── SOURCE DATA ──
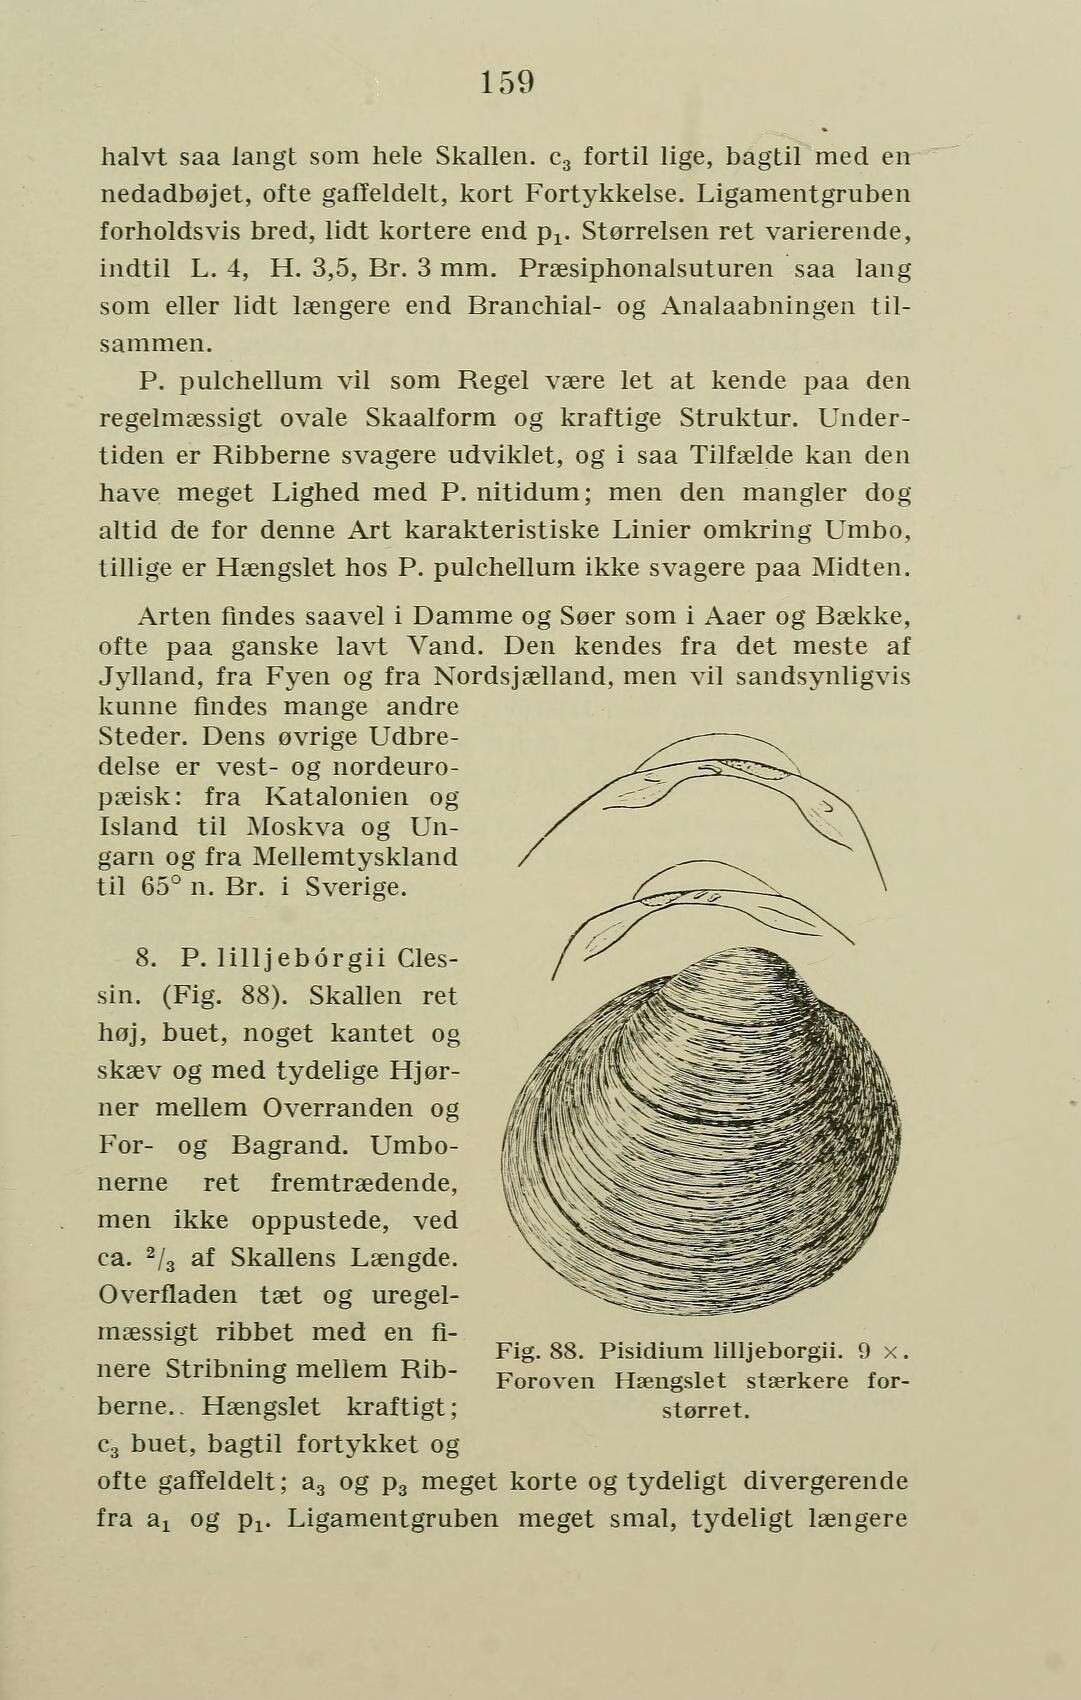 Image of Pisidium C. Pfeiffer 1821
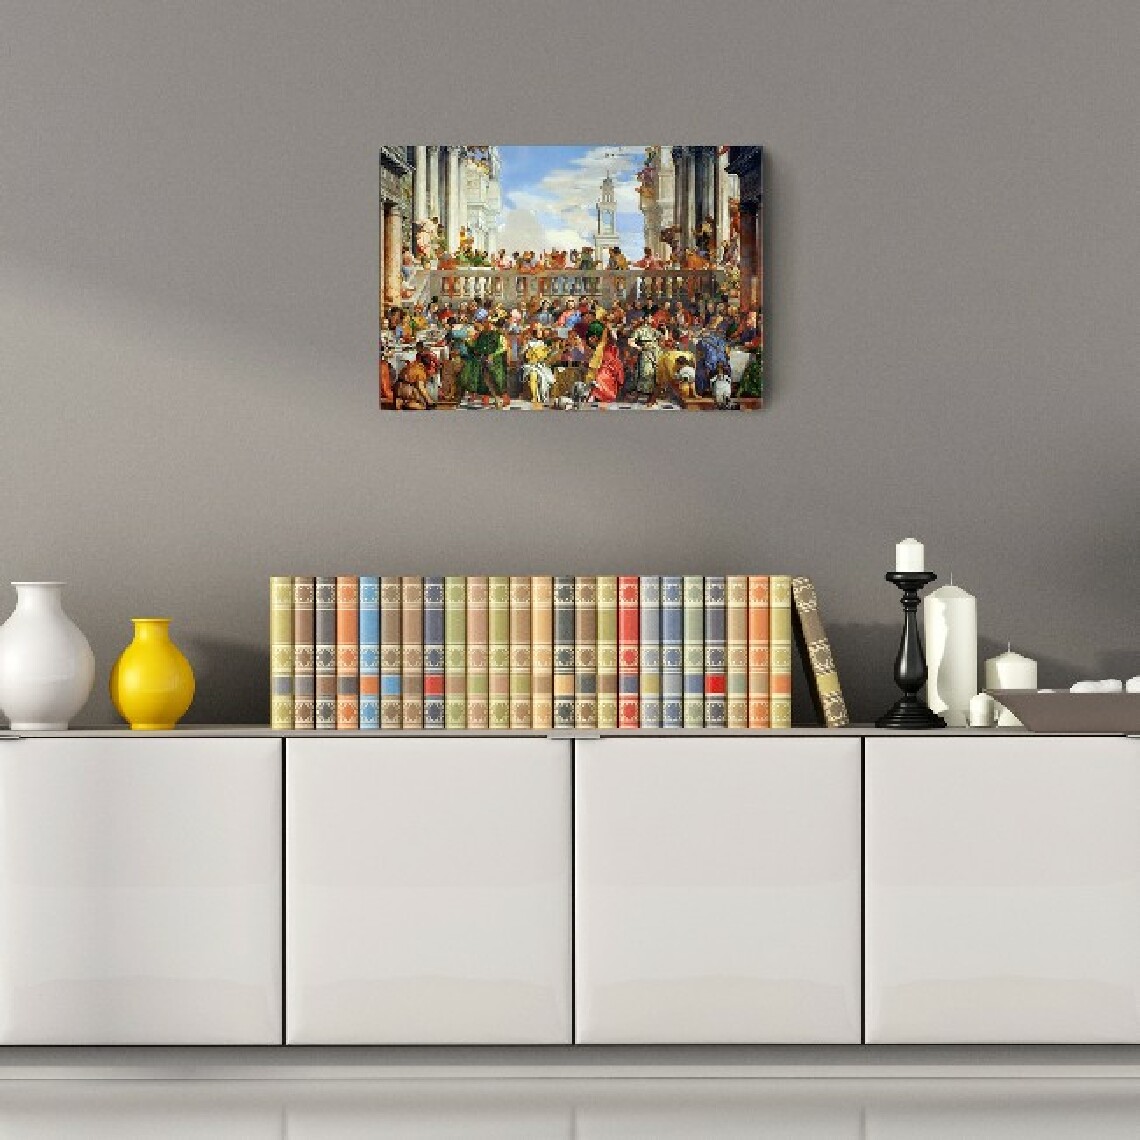 Homemania - HOMEMANIA Quadro Inspirations de l'auteur - Paolo Veronese, Mariage à Cana - Art et graffiti - pour le salon, la chambre à coucher - Multicolore en Polyester, MDF, 60 x 4 x 90 cm - Tableaux, peintures
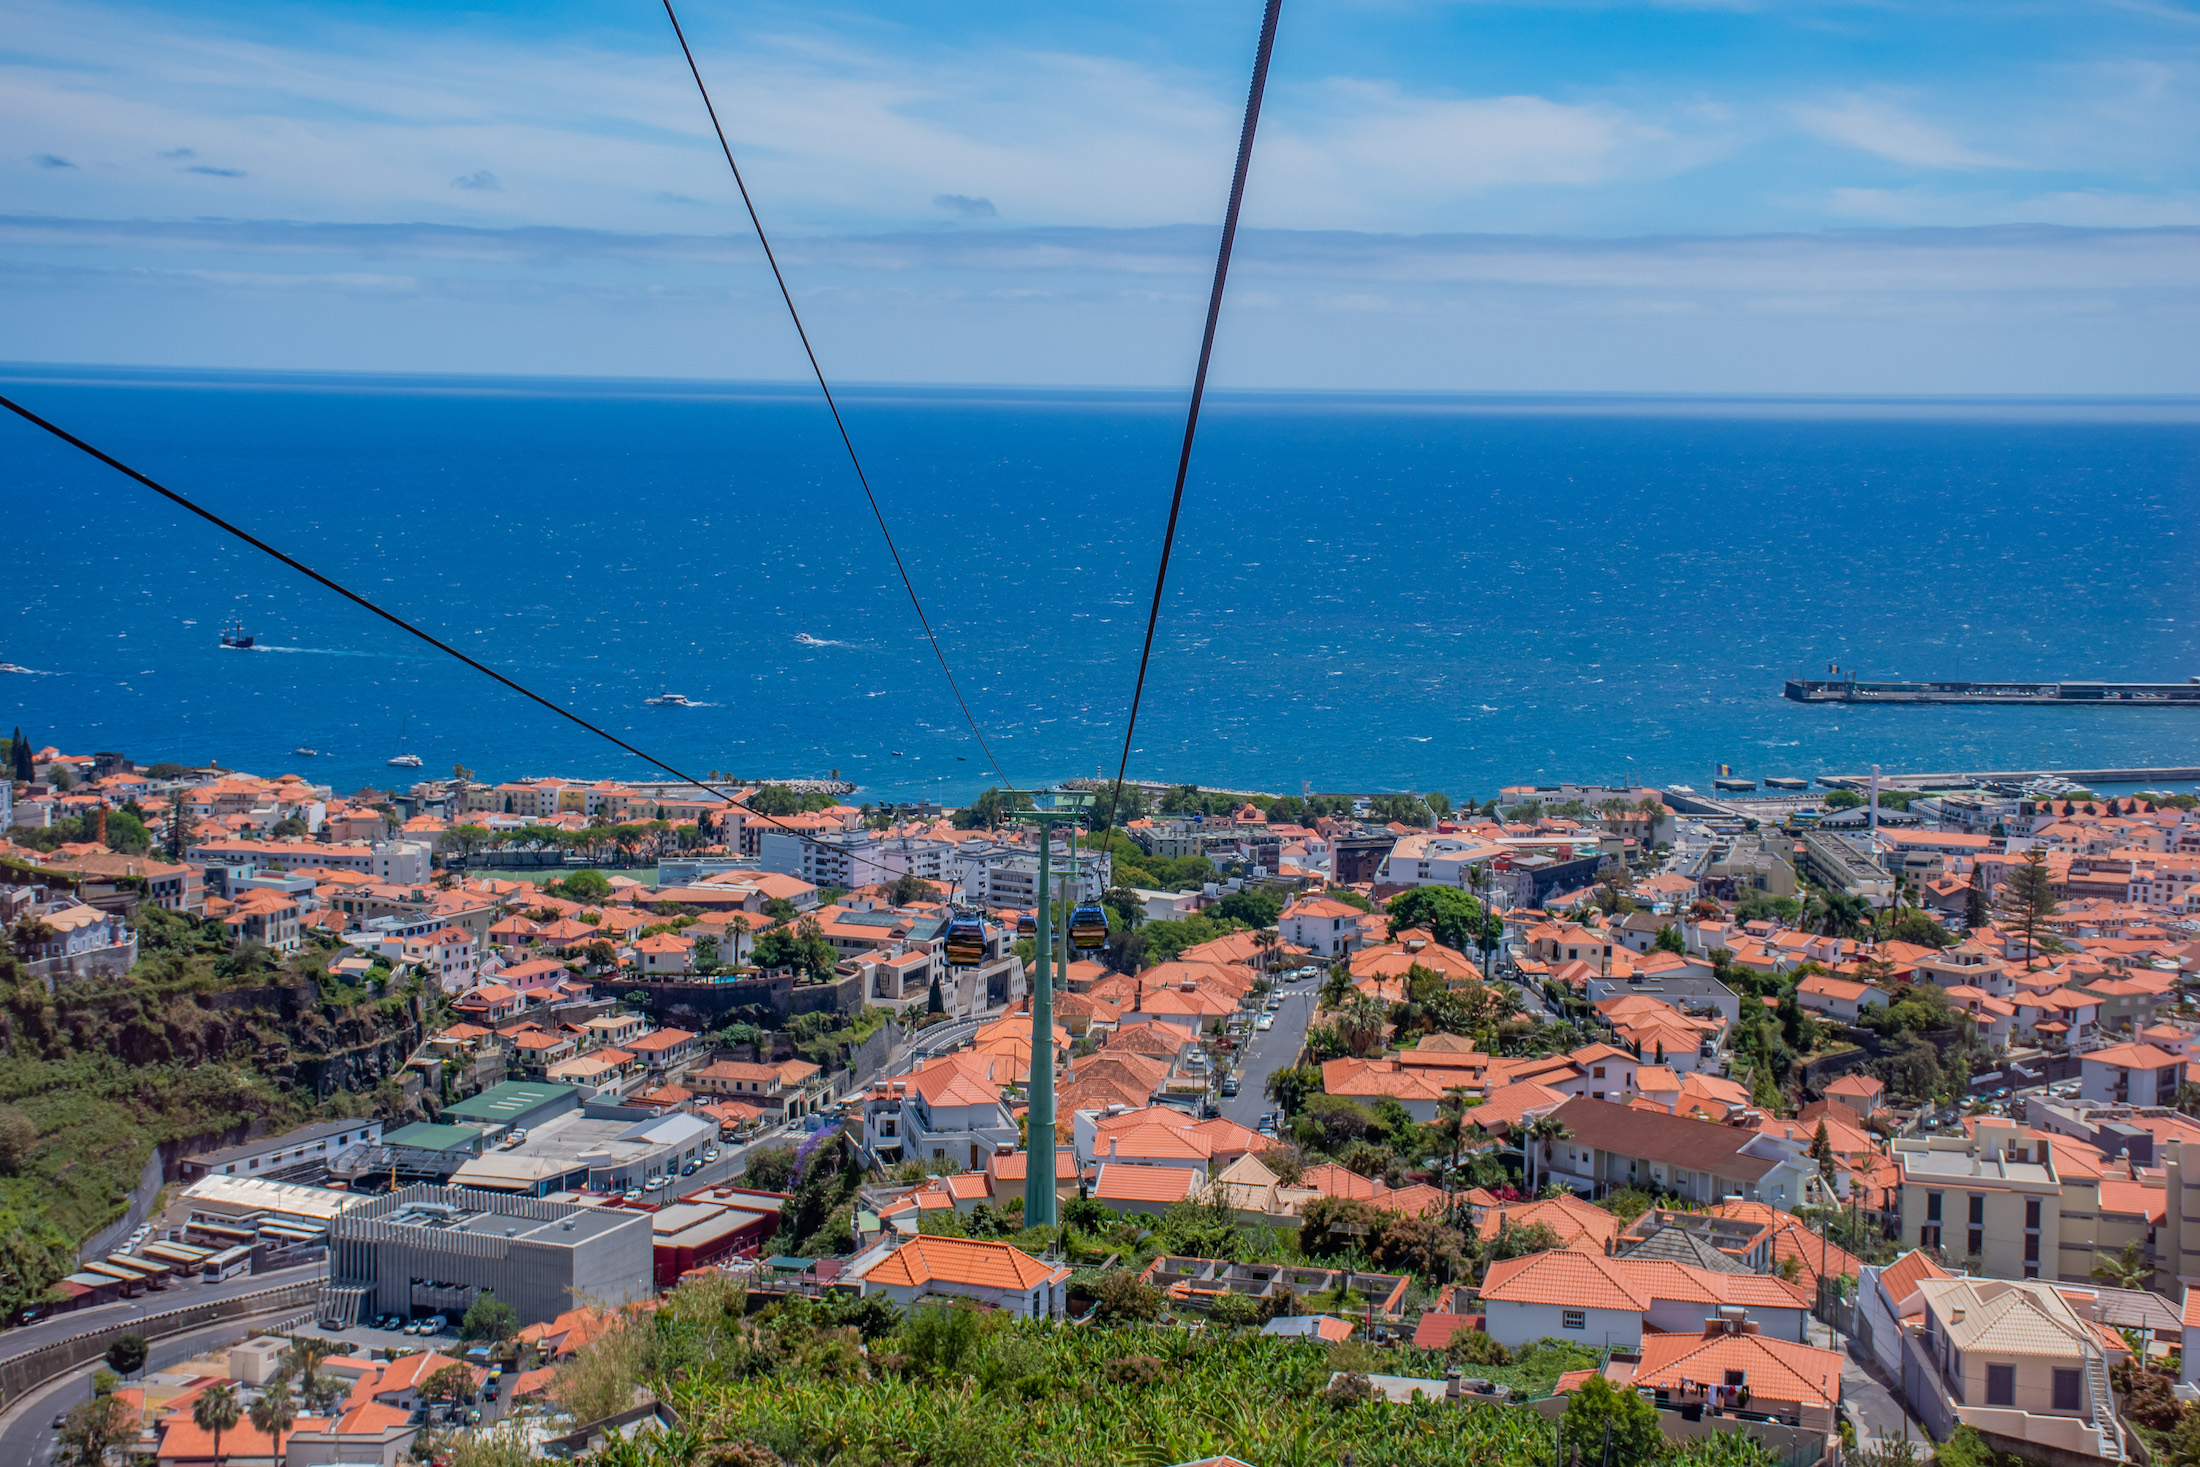 Met de kabelbaan naar Monte Madeira = 15 minuten genieten van het prachtige uitzicht
───
**THE PROBLEM**
Copy exactly, and copy only, the lines from the one bearing "Homemania - HOMEMANIA" through the closing line of the material, with both ends kept and pictures removed.

**EXERCISE ANSWER**
 Homemania - HOMEMANIA Quadro Inspirations de l'auteur - Paolo Veronese, Mariage à Cana - Art et graffiti - pour le salon, la chambre à coucher - Multicolore en Polyester, MDF, 60 x 4 x 90 cm - Tableaux, peintures
 Met de kabelbaan naar Monte Madeira = 15 minuten genieten van het prachtige uitzicht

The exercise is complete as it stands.